09/8/08
One of the most common mistakes I see many web developers make is trying to hide webpages from search engines while making it incredibly easy for people to discover those pages. Your eyes may start to glaze while reading this, but stay with me…this will save your booty at some point. The first and most common mistake is the use of a robots.txt file. Basically what this file does is tells spiders (search engines) what files and directories to scan. You can usually see if a website has one by simply adding a /robots.txt after their domain name. For example, you could see Google’s by going to http://www.google.com/robots.txt, which reveals numerous directories they don’t want search engines to scan…interesting stuff if you’re into that sort of thing.
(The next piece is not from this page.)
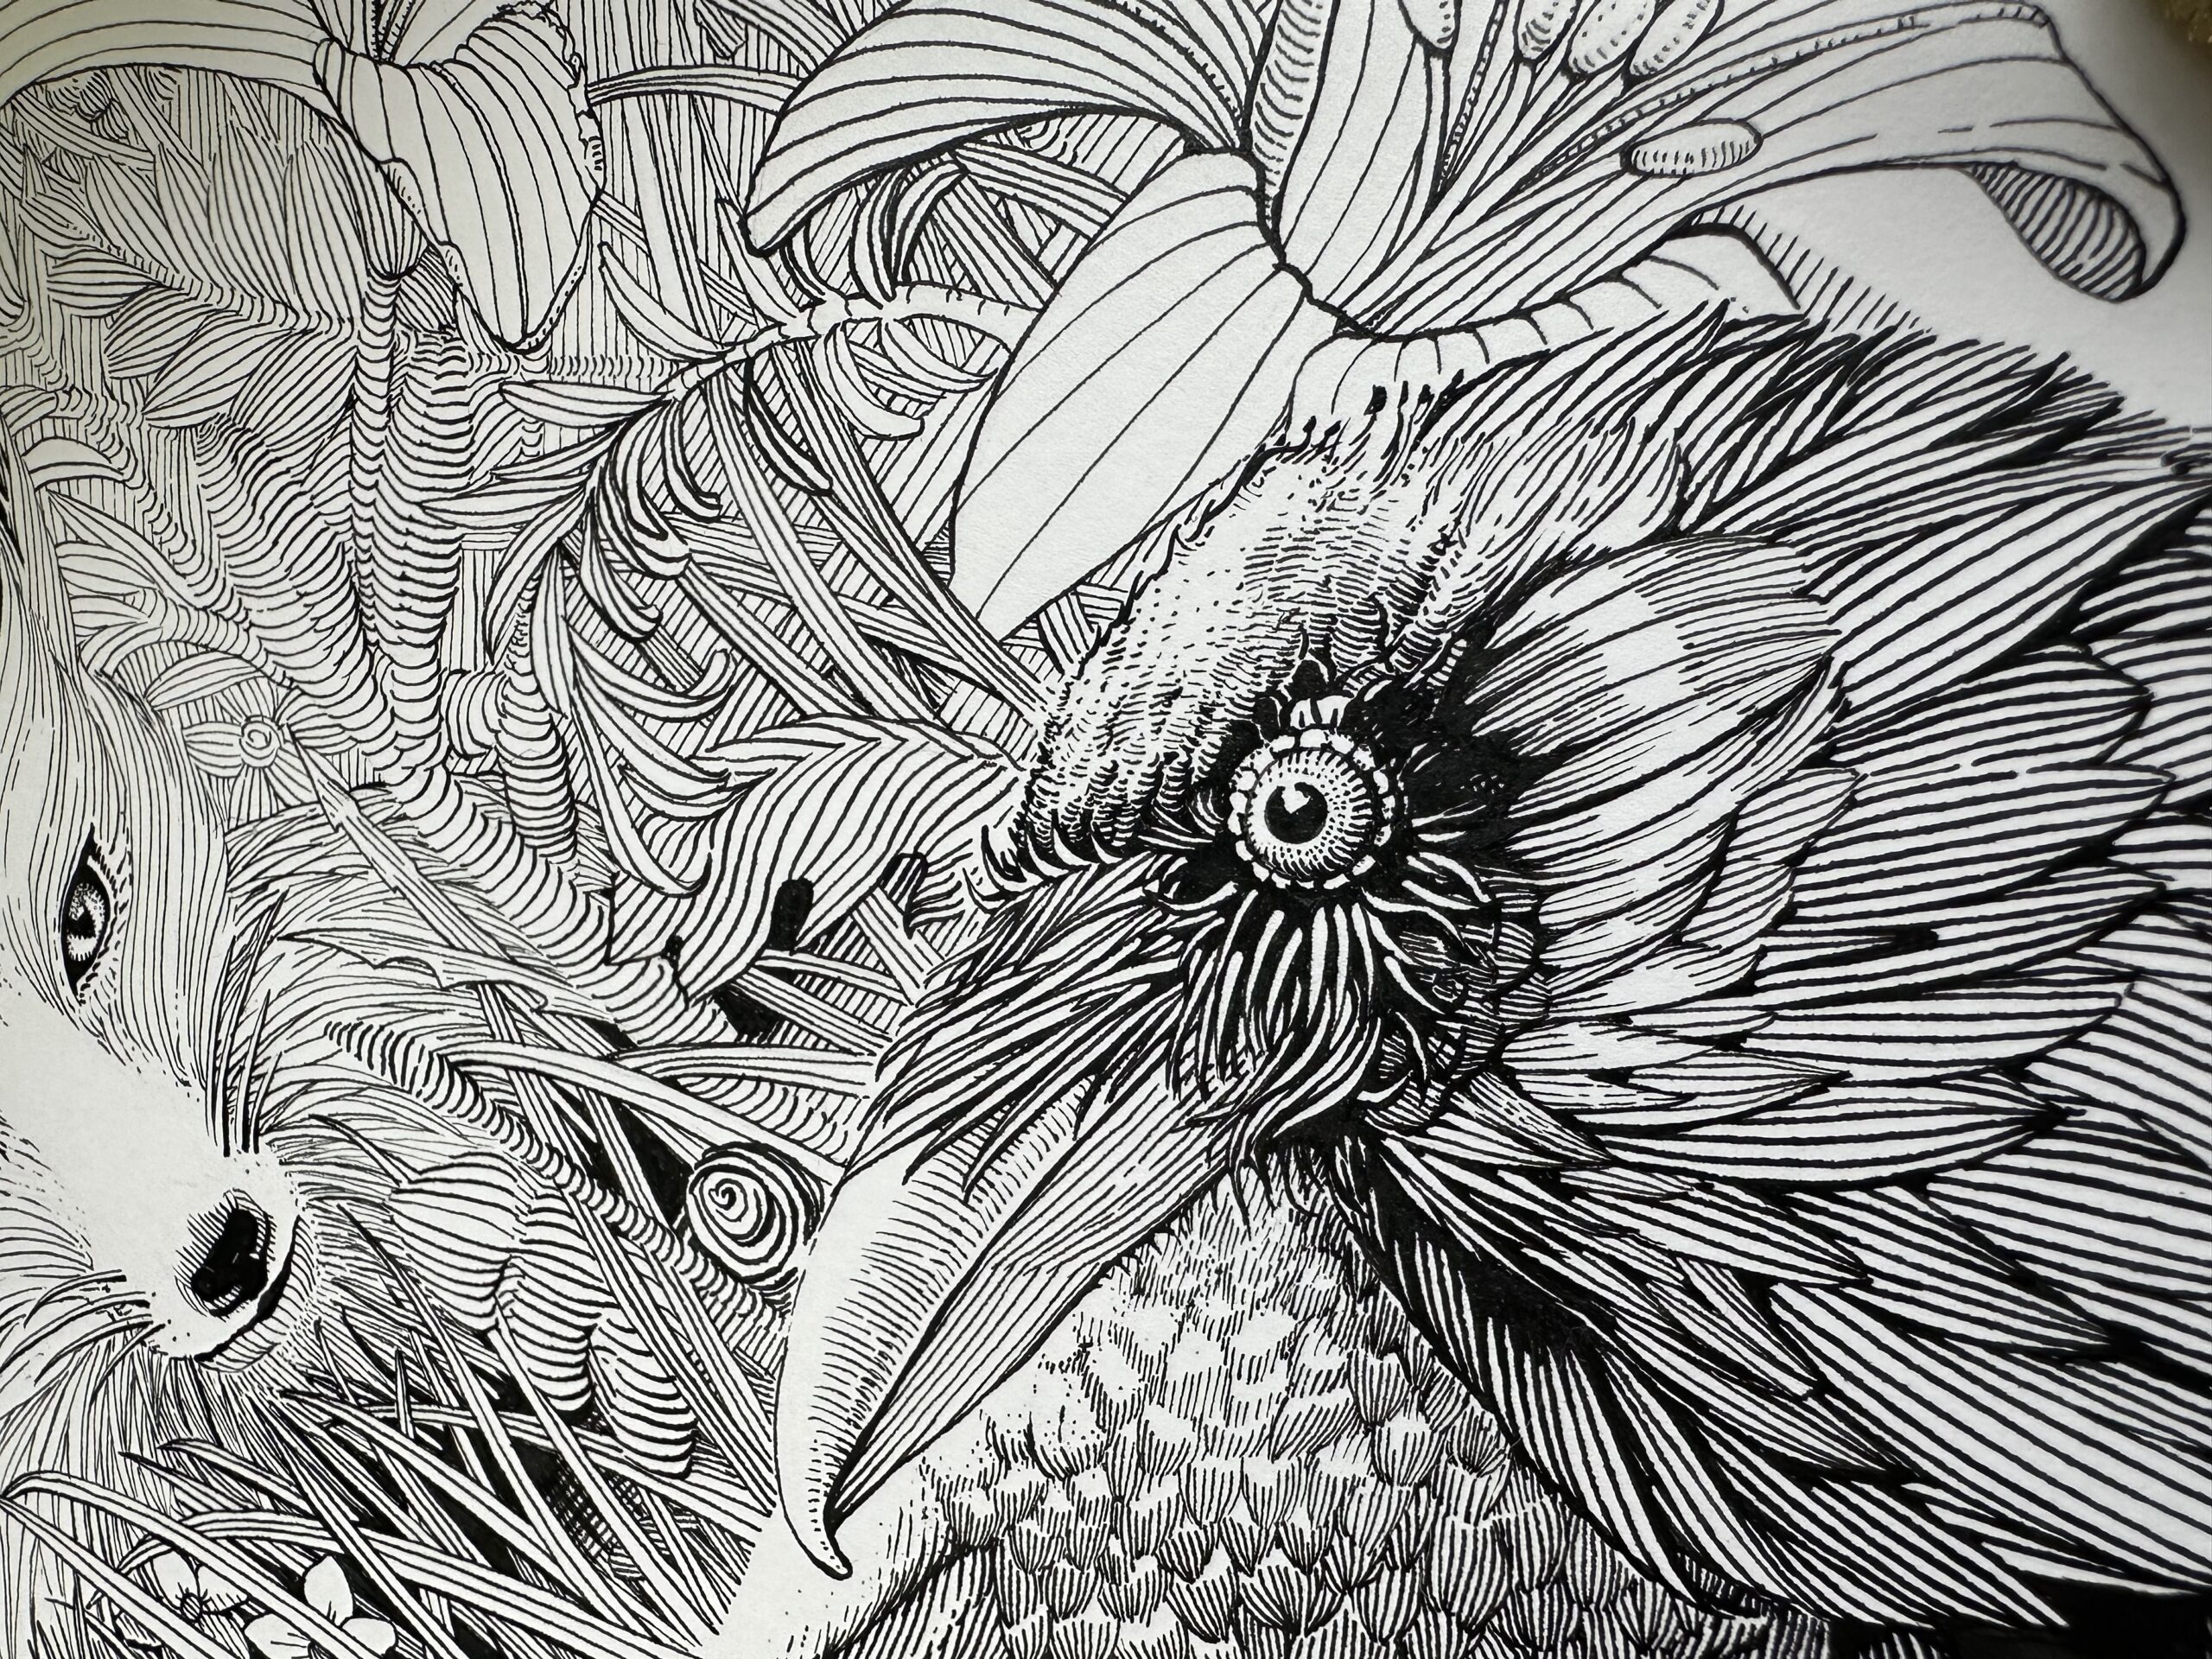 Line illustration of a raven's head

So…how can this be a bad thing? Well, take a look at Google’s robots.txt again and notice how they disallow directories, which is the proper way of doing it. The mistake that some websites make is to disallow actual pages. It could say something like:
User-agent: *
Disallow: hiddenpage.html
Now, the “User-agent: *” part means “Hey all search engines…this applies to all of you”. Then the “Disallow: hiddenpage.html” line means exactly what it implies…don’t mess with hiddenpage.html. Now while this is all fine and dandy when it comes to search engines, what happens is that hiddenpage.html is now exposed to the entire world! Even worse, if there are multiple pages like this in the robots.txt, then the website has essentially listed every single secret page in one, organized location for anyone to see. (More info about setting up a robots.txt file)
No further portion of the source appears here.